A million years ago when Dinosaurs roamed the earth, I was in a Baptist Seminary and wrote a paper my Professor, Diana Garland, quipped "should be published."
I submitted it to "The Journal of Christianity and Social Work" and ... Lo and Behold ... it's published.
On a cold snowy day my 4 year old son Jeremy and I trudge to the Library so I can show him my name in print, now immortalized forever.
"Can we go play football Dad?" he asks after seeing my name on the page.
A couple of years later, instead of preaching a sermon in the church where I'm employed as the "Professional Christian" I read a letter to Jeremy who was celebrating his 7th birthday.
"I'm afraid I won't leave you much of value in terms of material things," I wrote, "a lot of books, hopefully some nice memories and a permanent place in your heart ..."
Since then I've written ten books, fifty or so published articles and almost five hundred blogs.
All the books I promised Jeremy I've given away.
All of the words though ... my words ... are floating in cyber space ... waiting for anyone who may wish to learn a little about me, discover funny stories and sad ones too, learn how Humpty Dumpty can be put back together again.

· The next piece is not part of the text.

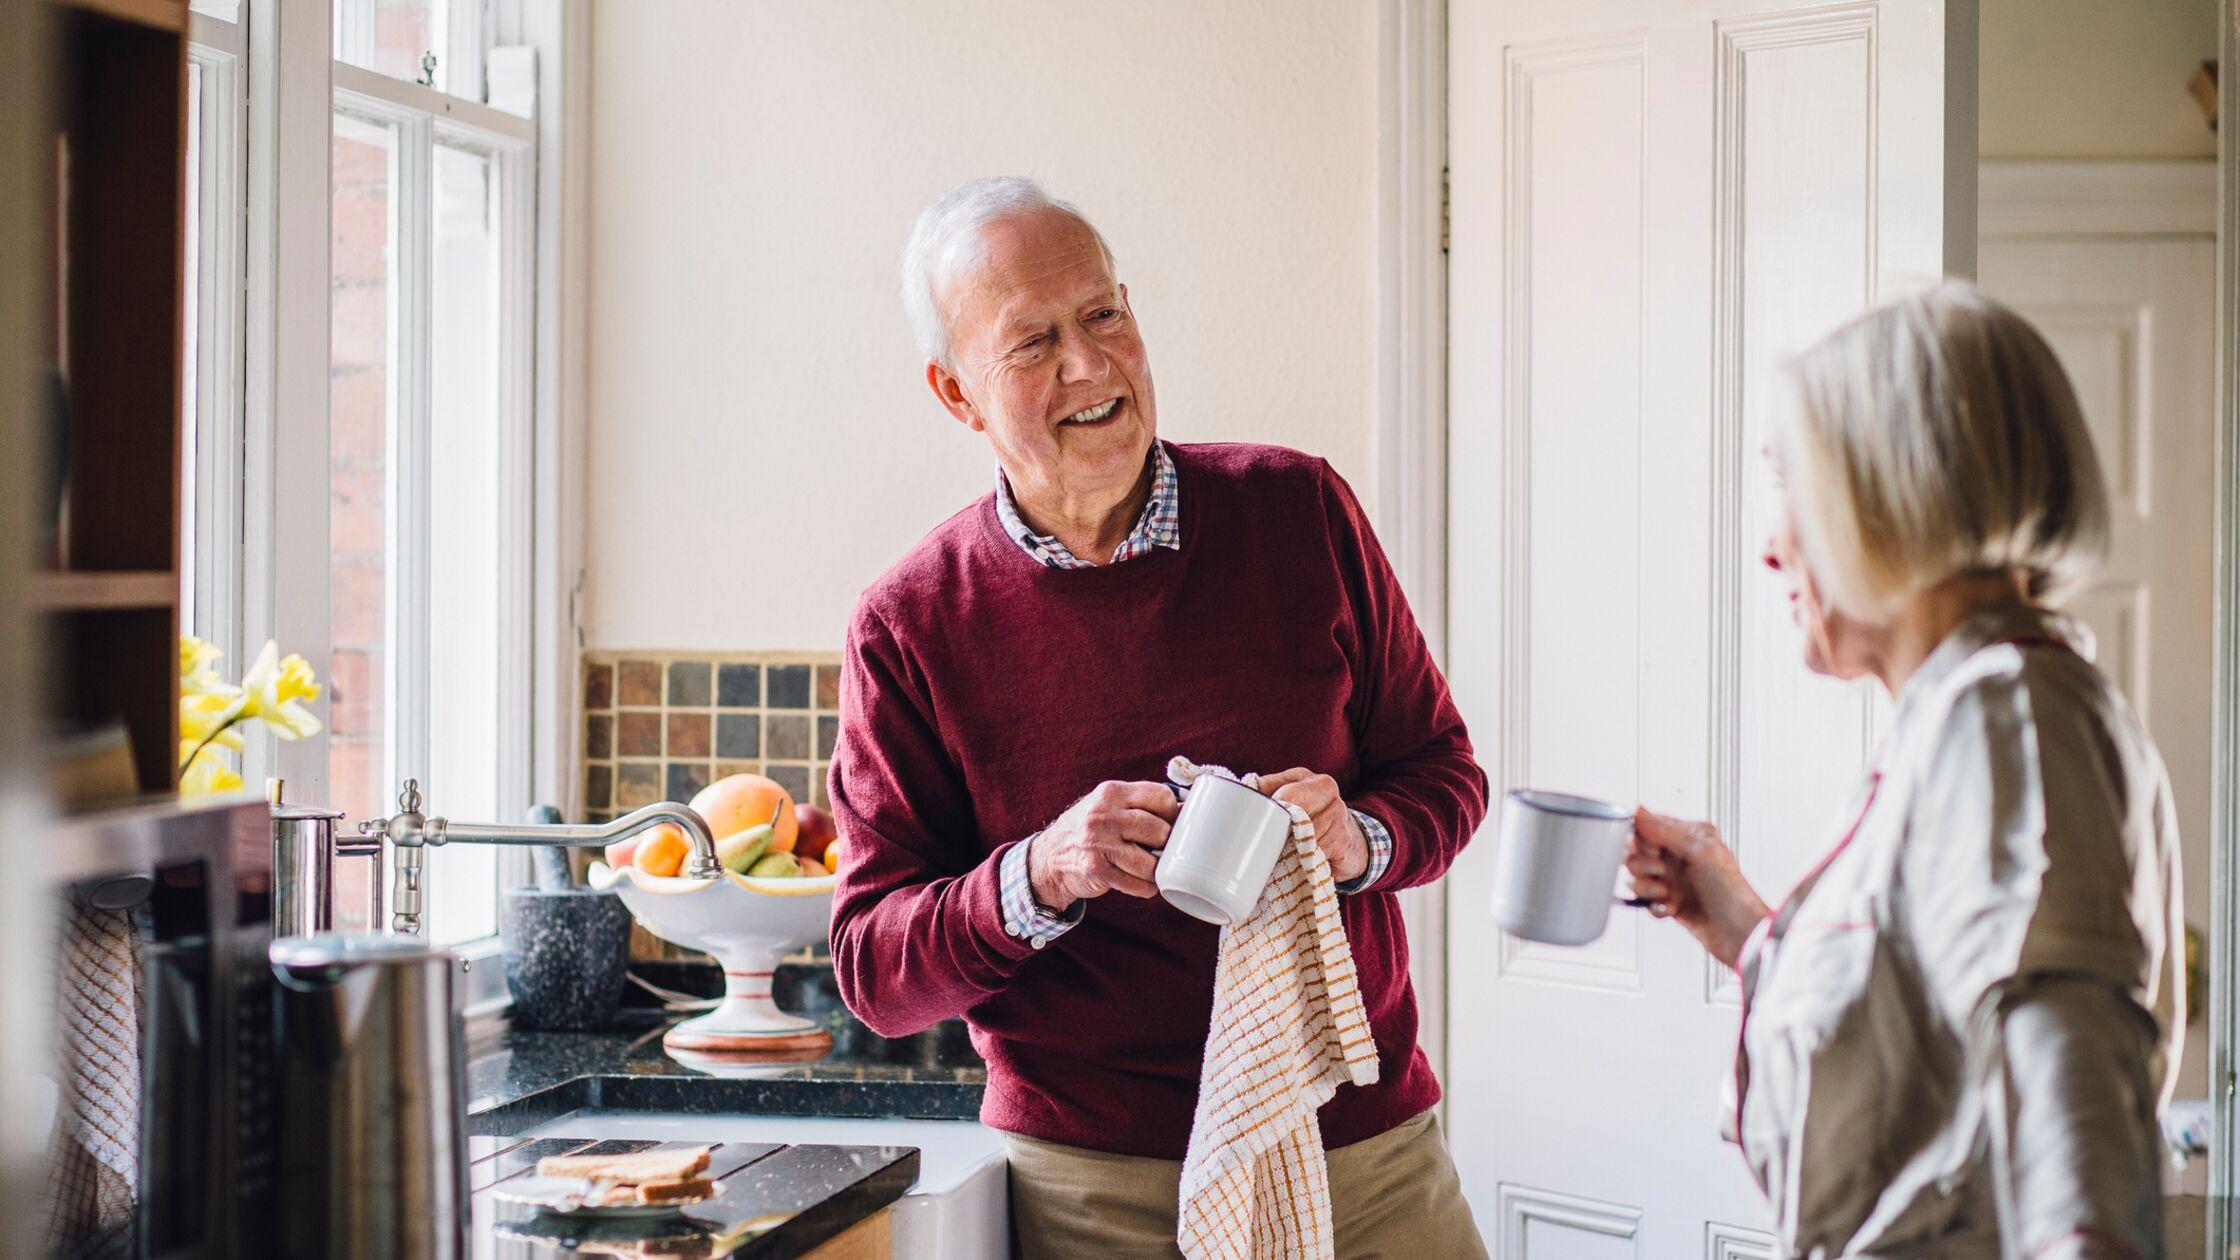 Älterer Mann trocknet Kaffeebecher mit kariertem Geschirrtuch ab

Pondering my words today, I'm thinking about a baby who's not even here though, word is, it won't be long.
Ancient words come to mind ... "For unto us a child is born ..."
Today you can see the previews of coming attractions that'll hit daylight three or four months after I turn sixty and five months after Jeremy and Terenca give us our first grandchild.
It's all pretty preposterous.
"How long will I have?" I ask myself.
Sarah's forever after me to take better care of myself so I'll be around for the long haul but you can do most everything and it adds an average of 17 minutes to your life.
The worst case scenario is I die way too soon and leave them lots of words to discover the old man.
It makes me thankful I've given away all those words.
The best case is they get to hear them from me.
Either way, I'm pretty damn excited it won't be long before ... as my lights dim, the curtains open on something far more than I'll ever be.
At night, I place my hand on Sarah's sleeping belly with trembling fingers and feel as alive as I've ever been.